Parents: You’re all doing it wrong.

World's Okayest Parent Mug on Cafe Press | Mom-101You – you who let your kid cry it out for 20 minutes until he learned to self-soothe and get a full night’s sleep? You know you damaged him for life right? Just wait until you get the therapy bills.

You – you who ran to pick up your child in the crib at every cry, knowing that a cry means a baby needs something?  He suffered irreparable developmental damage from lack of sleep. Good luck with that.

You, who fed your babies formula for any reason at all (unbearable pain, postpartum depression, cultural pressure, adoption), I hope you know your child is at a greater risk for obesity and a career as a gas station attendant.

You, who nursed your children just as long as they needed to, even at night at five-years-old (just sometimes) to help them sleep, you know your child is going to have total Oedipal issues for life.

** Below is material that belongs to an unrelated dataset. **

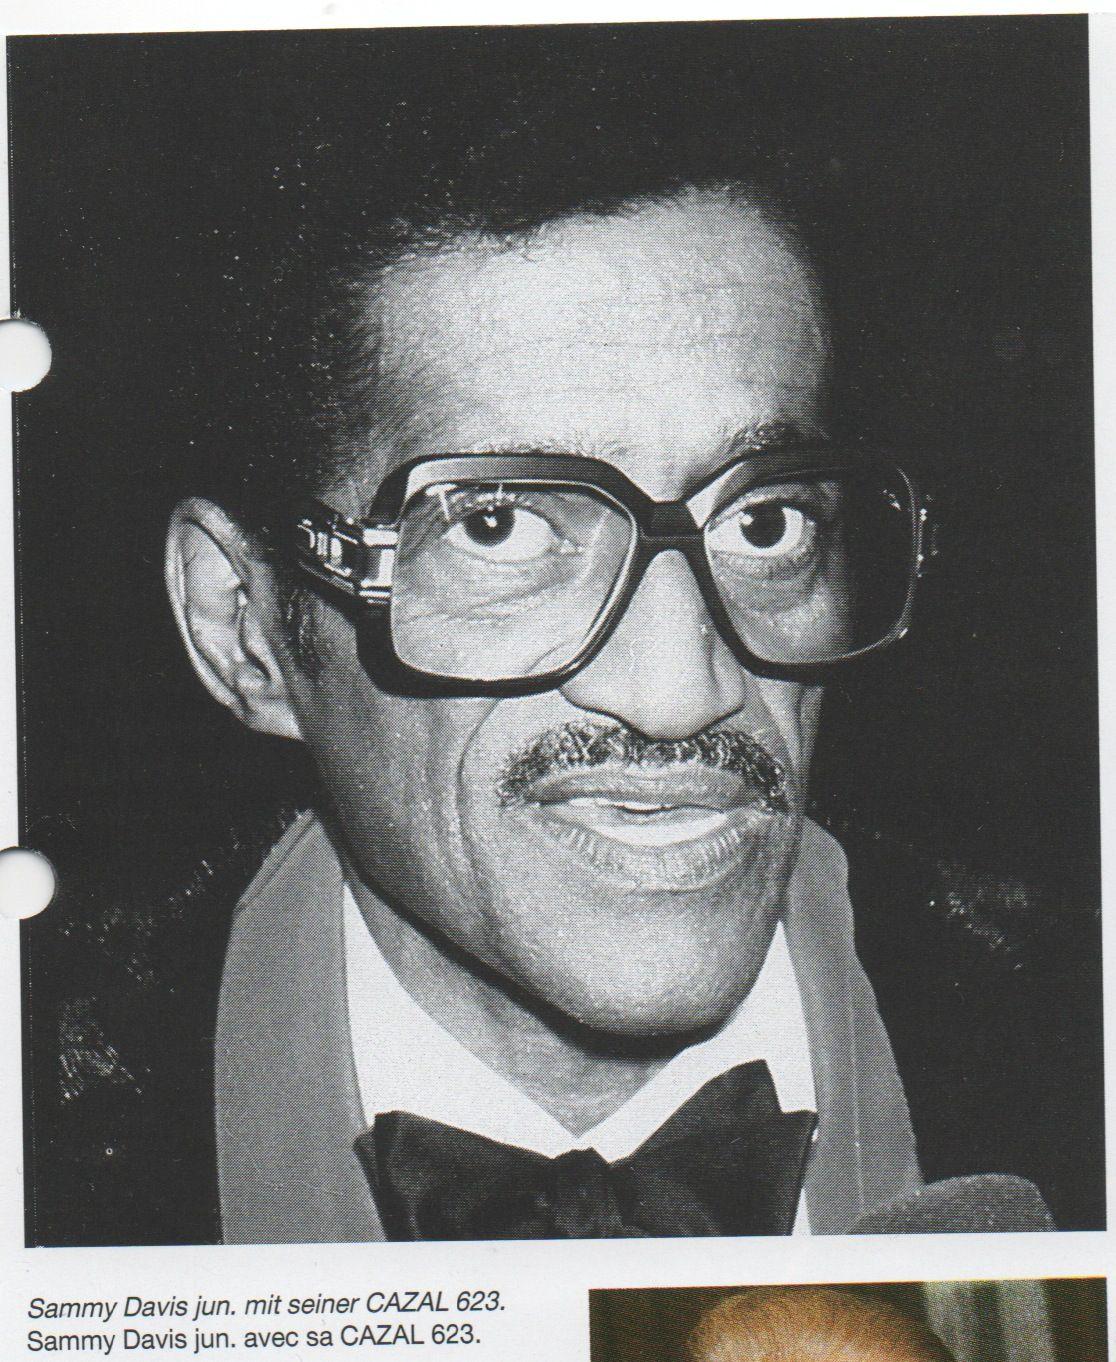 356149c00a Sammy Davis Jr in Cazal 623 Sammy Davis Jr

Have fun being his date to the prom.

 

You, who hand-churned every drop of organic baby food, you are clearly bored and have nothing better to do with your life.

You, who fed your baby out of jars from Costco, you are clearly someone who doesn’t care about your baby’s health.

 

You, who stayed home after your children were born, the 50’s called and they want their pathetic excuse for a maternal role model back.

You who went back to work after your children were born, you should ask yourself why you even had children if you didn’t want to raise them yourself.

 

You, who buy your daughters pink tutus and tiaras and Disney movies, how does it feel to have bought into gender norms that demean girls and reduce them to helpless princesses with limited choices in life?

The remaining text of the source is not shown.